For a week last summer, I was a camp volunteer. I was seeking professional depth, but what I experienced so affected me that I have changed the way I practise.
When I graduated from medical school in 1975, I knew nothing about fetal alcohol syndrome (FAS). Indeed, the seminal article by Smith and Jones describing the features of FAS had only been published in the Lancet 2 years previously. Even in 1984, when I became a pediatrician, Nelson’s Textbook of Pediatrics gave only a few lines to the subject. Then, it was thought to be a rare condition. It is now known to be relatively common, affecting approximately 1:100[1-4] in a range of different ways. The term fetal alcohol spectrum disorder (FASD) is now used.
I trained in developmental behavioral pediatrics, which I completed in 1995 at UBC. I met many children and adolescents who have been prenatally exposed to alcohol. I attended conferences and workshops. I listened to the stories from birth, adoptive, and foster families about the impact of FASD on their lives. I presented talks to professionals and other community groups. In my desire to know more, I attended a Whitecrow Village Camp.
Whitecrow Camp was started several years ago near Burns Lake by Ms Kee Warner, an adoptive and foster parent of children with FASD. She wanted to give her kids the chance of a successful camp experience.
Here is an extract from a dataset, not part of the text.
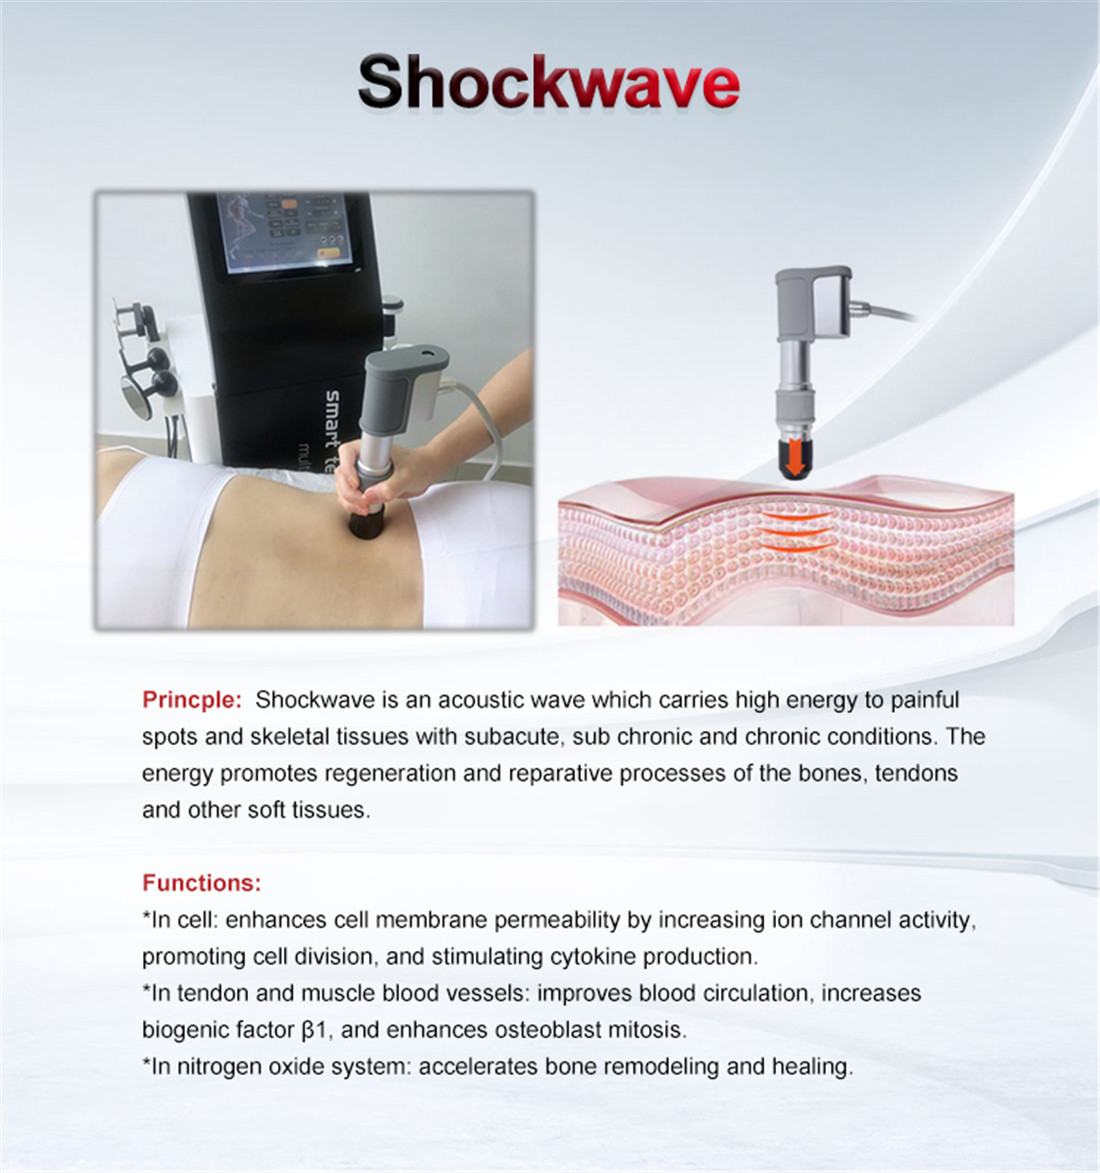 Shockwave Device 01 (5)2vy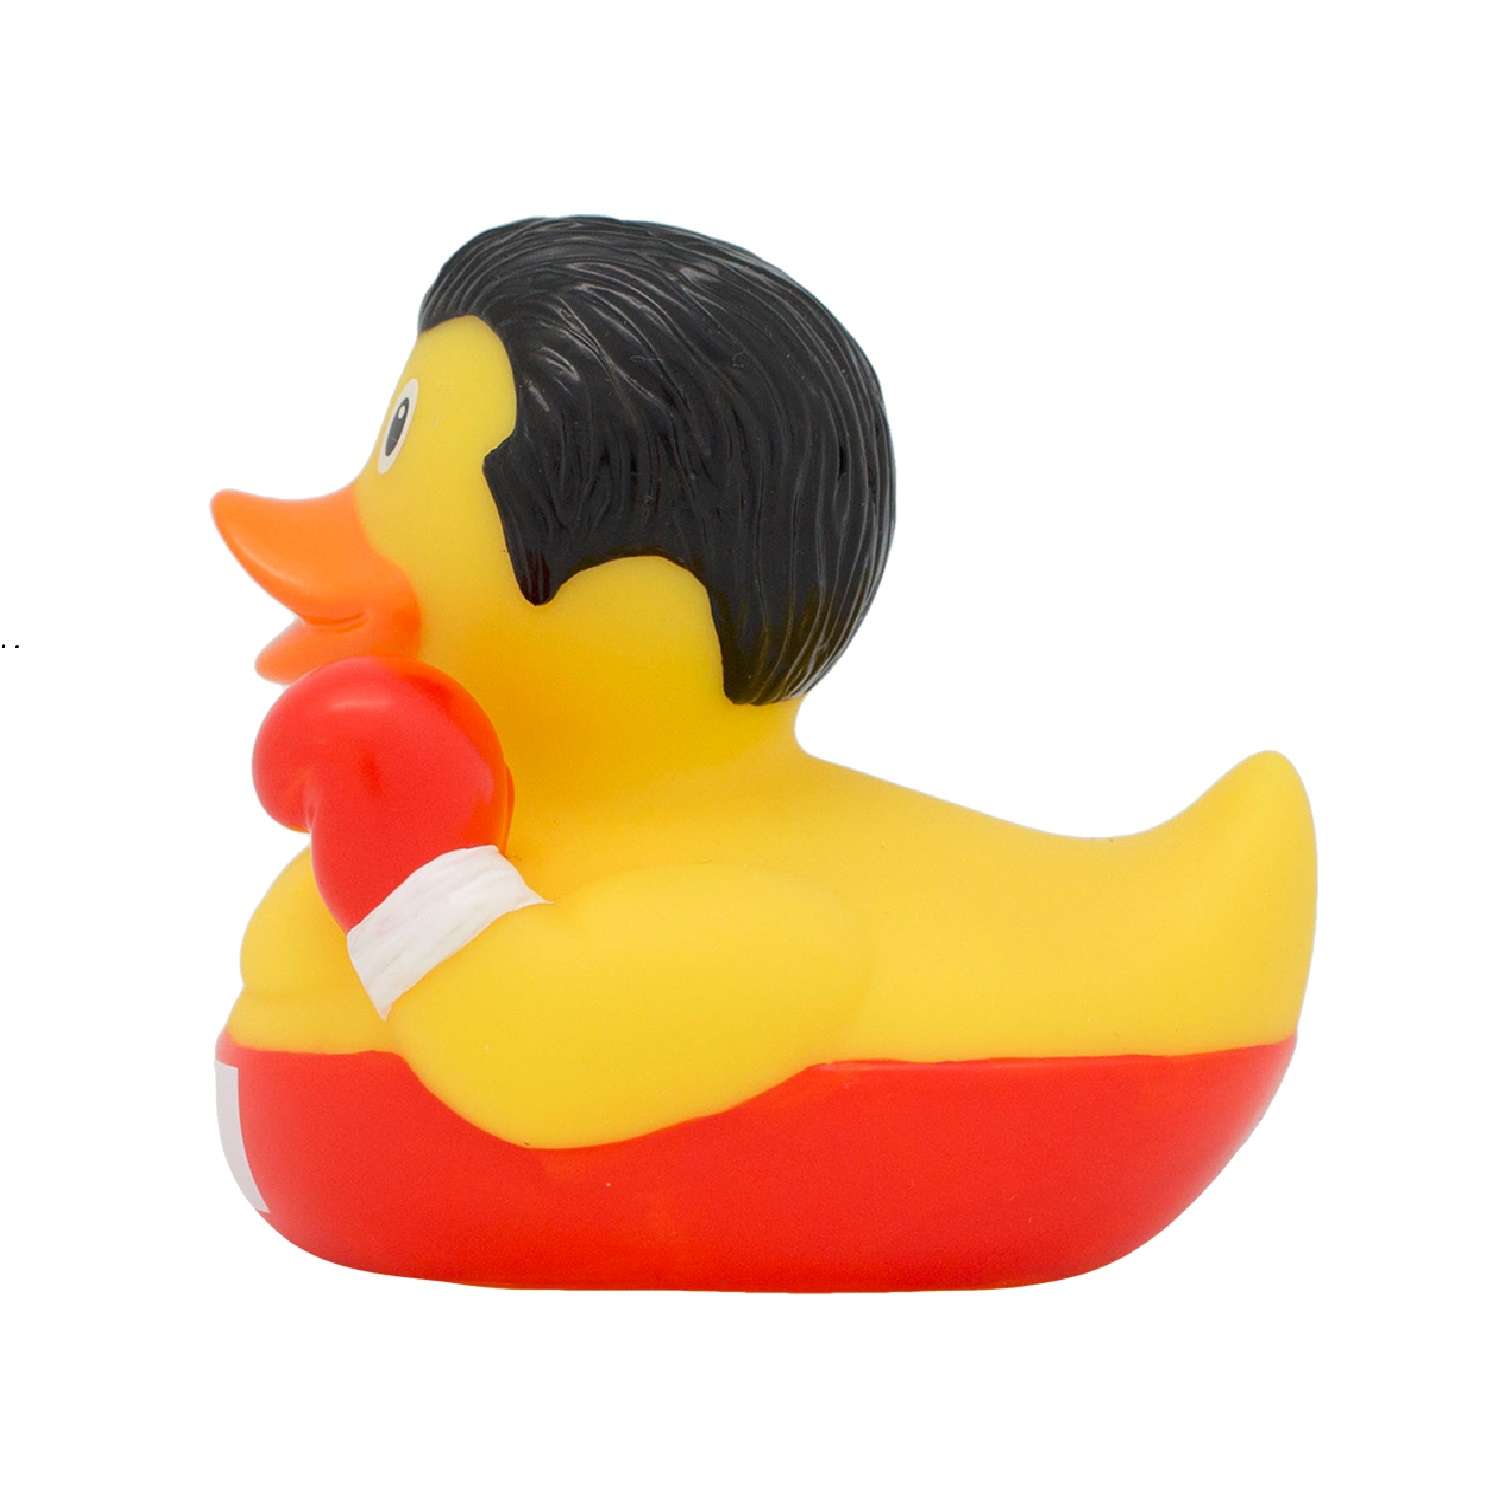 Игрушка Funny ducks для ванной Боксер уточка 1285 - фото 3

Unfortunately, the special needs of children with FASD often preclude their participation in regular camp programs. They are often sent home for disruptive behavior. On other occasions, the emotional challenge is too great. A fear of failure may push them over the edge, into despondency. Since there were no specific camps for children with FASD, Kee Warner decided to start her own. She has created a very successful and flexible movable feast.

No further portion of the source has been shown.